### Data excerpt
************

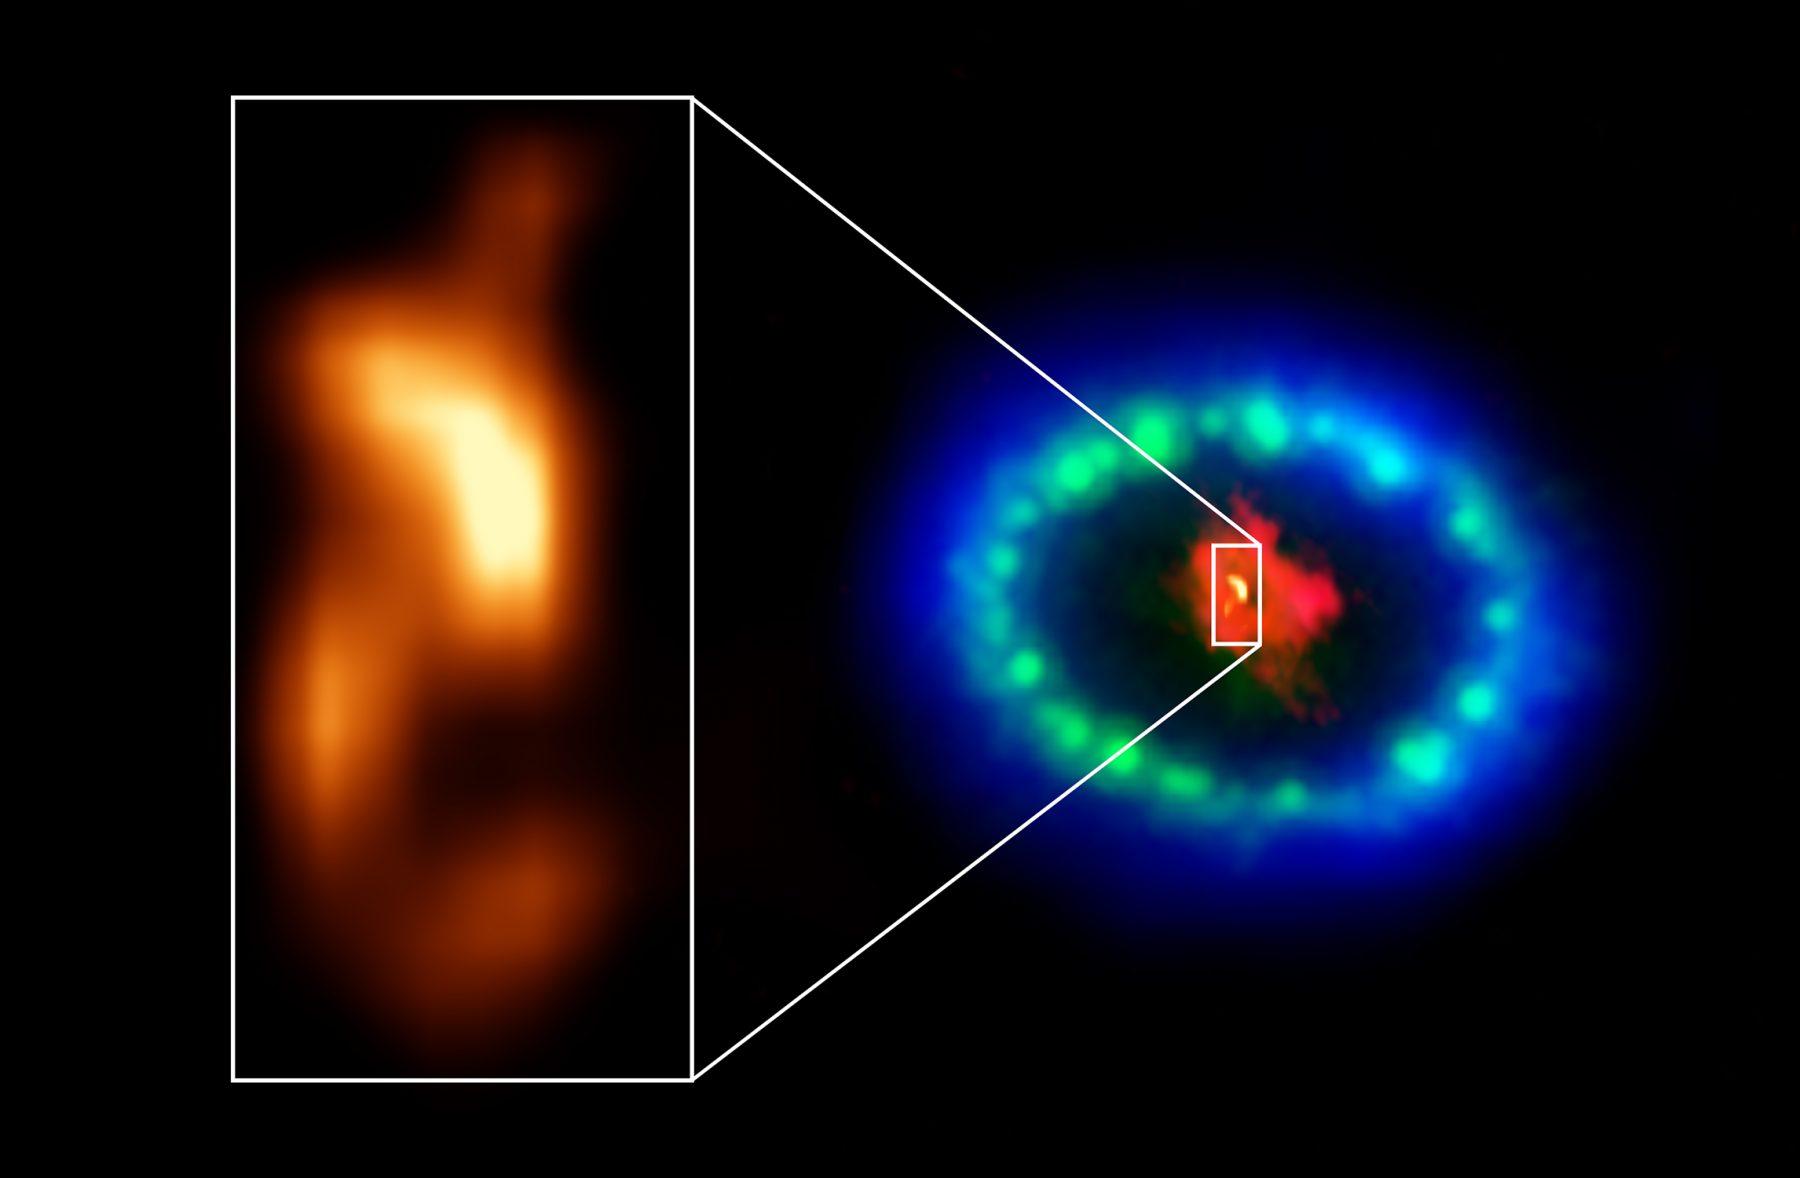 超新星爆発現場に中性子星の兆候
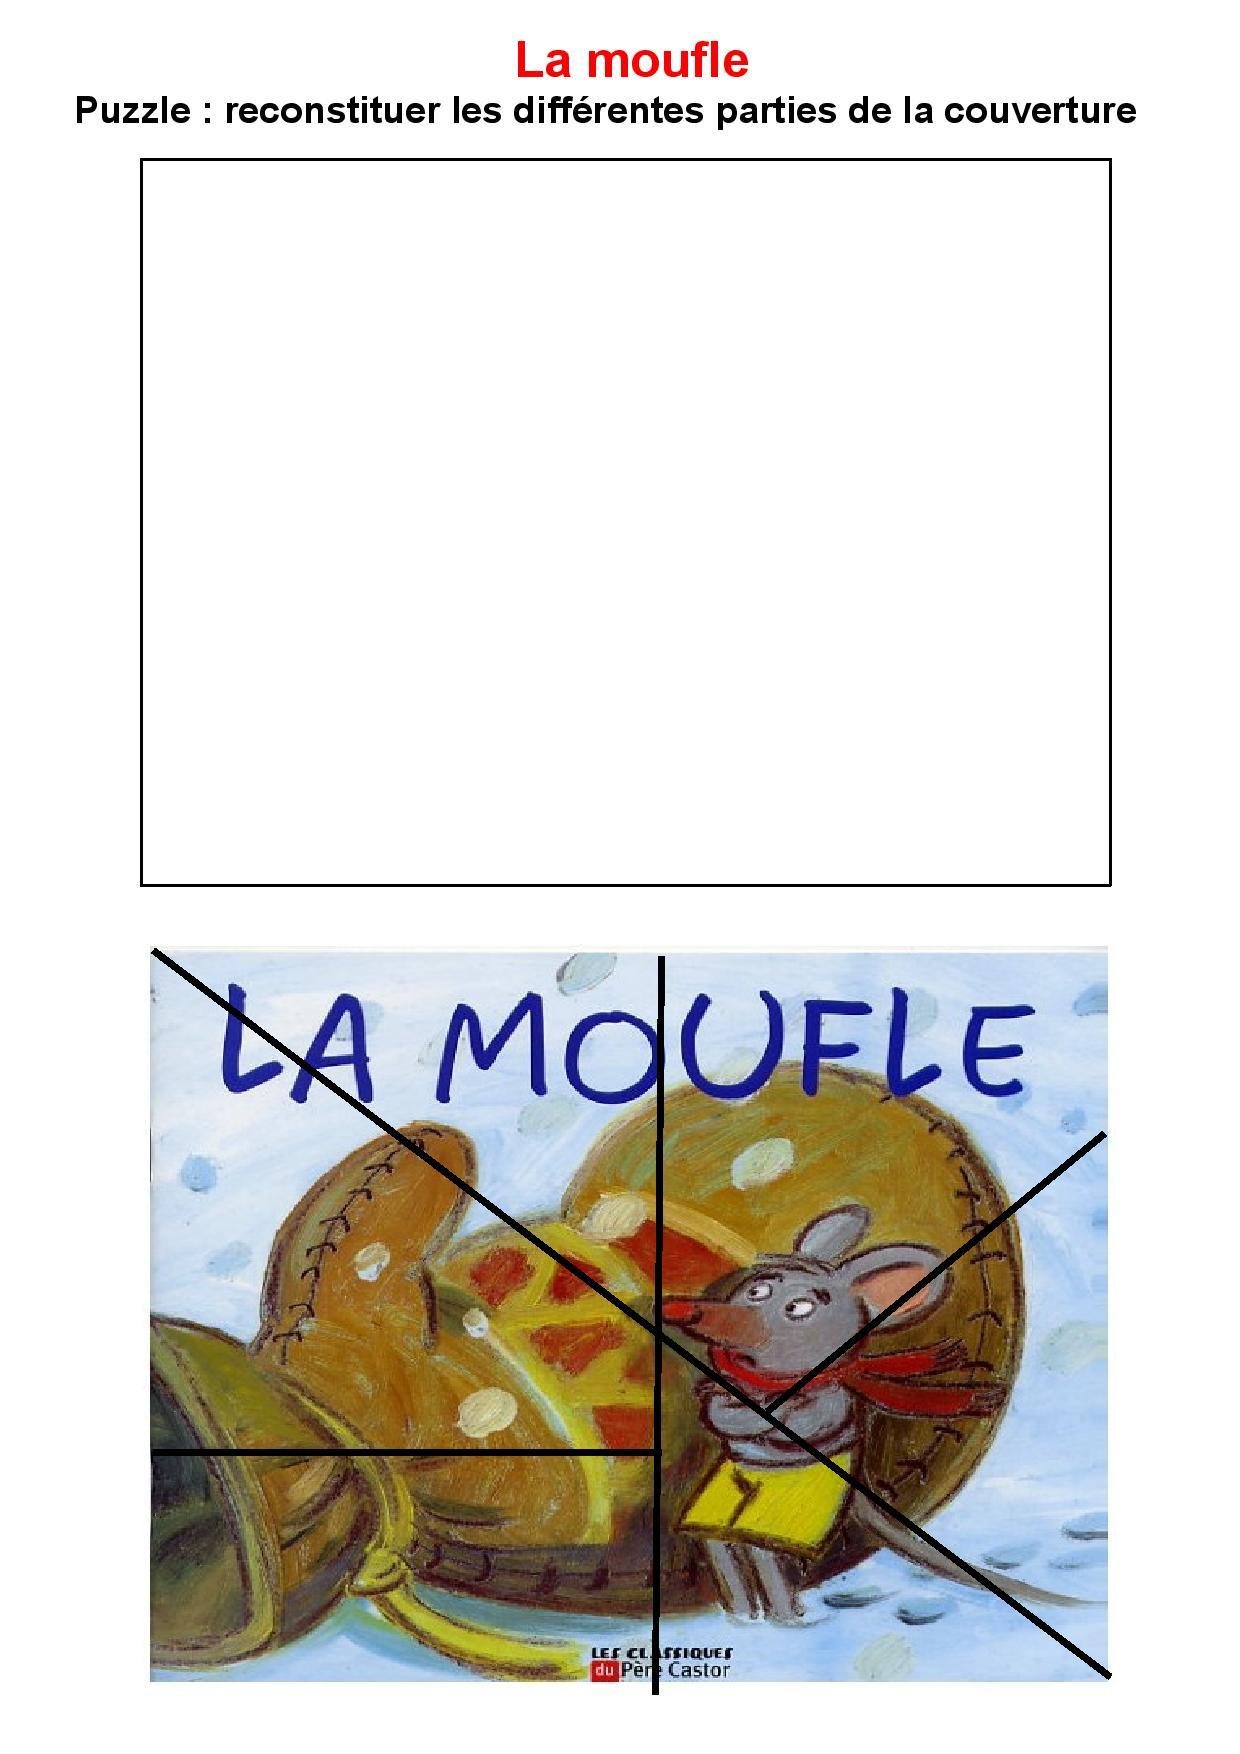 maternelle litt u00e9rature album la moufle exploitation album
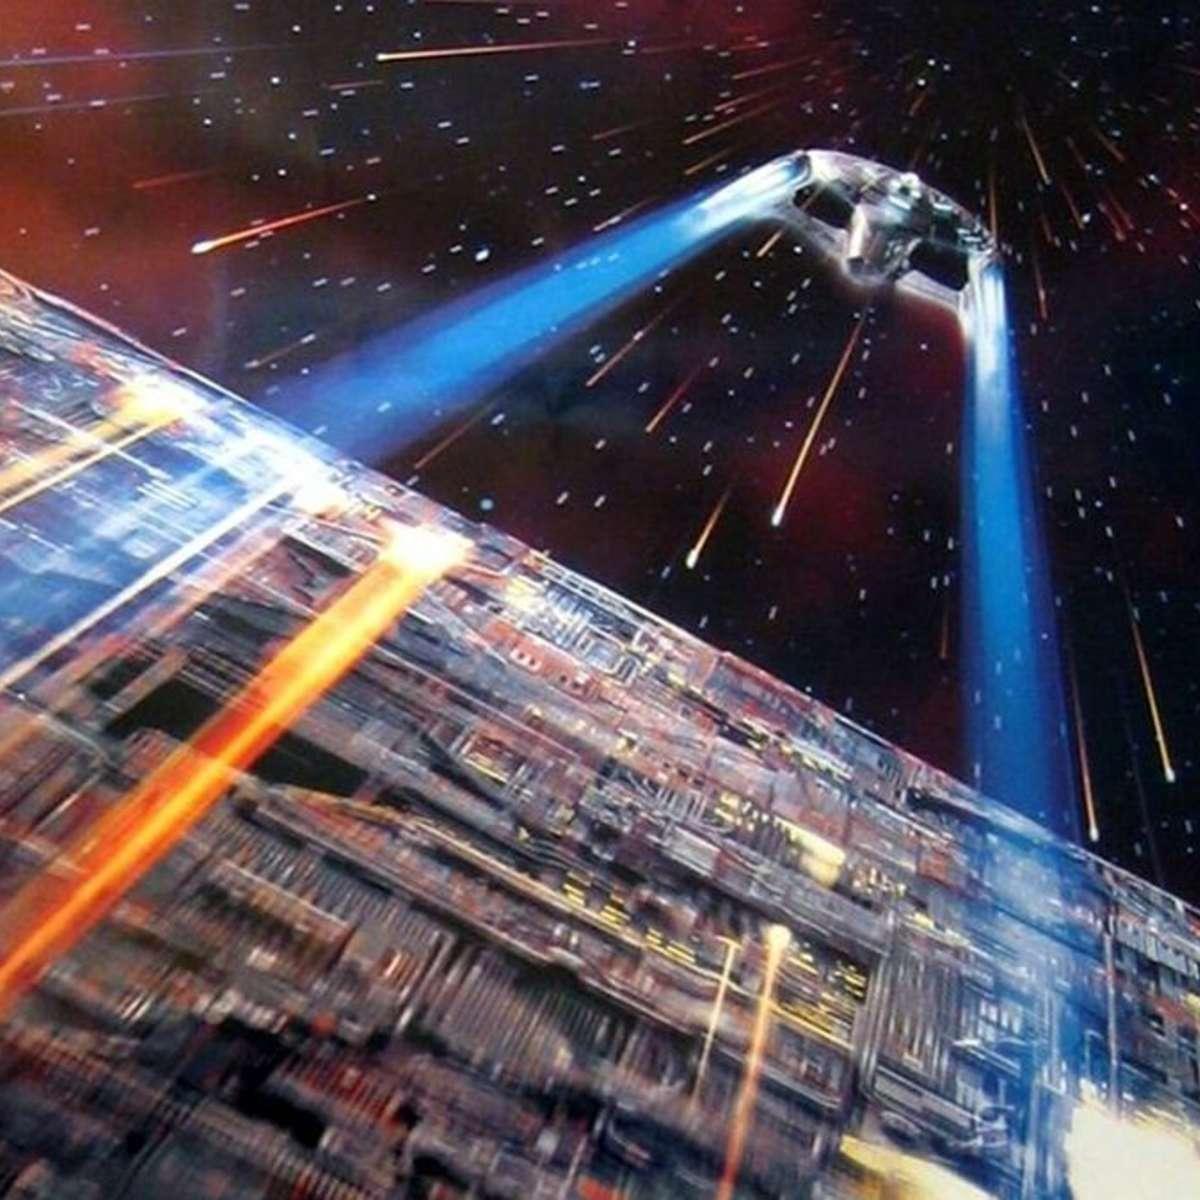 star-trek-first-contact-1200-1200-675-675-crop-000000.jpg

************

### Exercise objective
Your copy should hold all the data word for word. It should hold no pictures.

### Output for this exercise
 超新星爆発現場に中性子星の兆候
 maternelle litt u00e9rature album la moufle exploitation album
 star-trek-first-contact-1200-1200-675-675-crop-000000.jpg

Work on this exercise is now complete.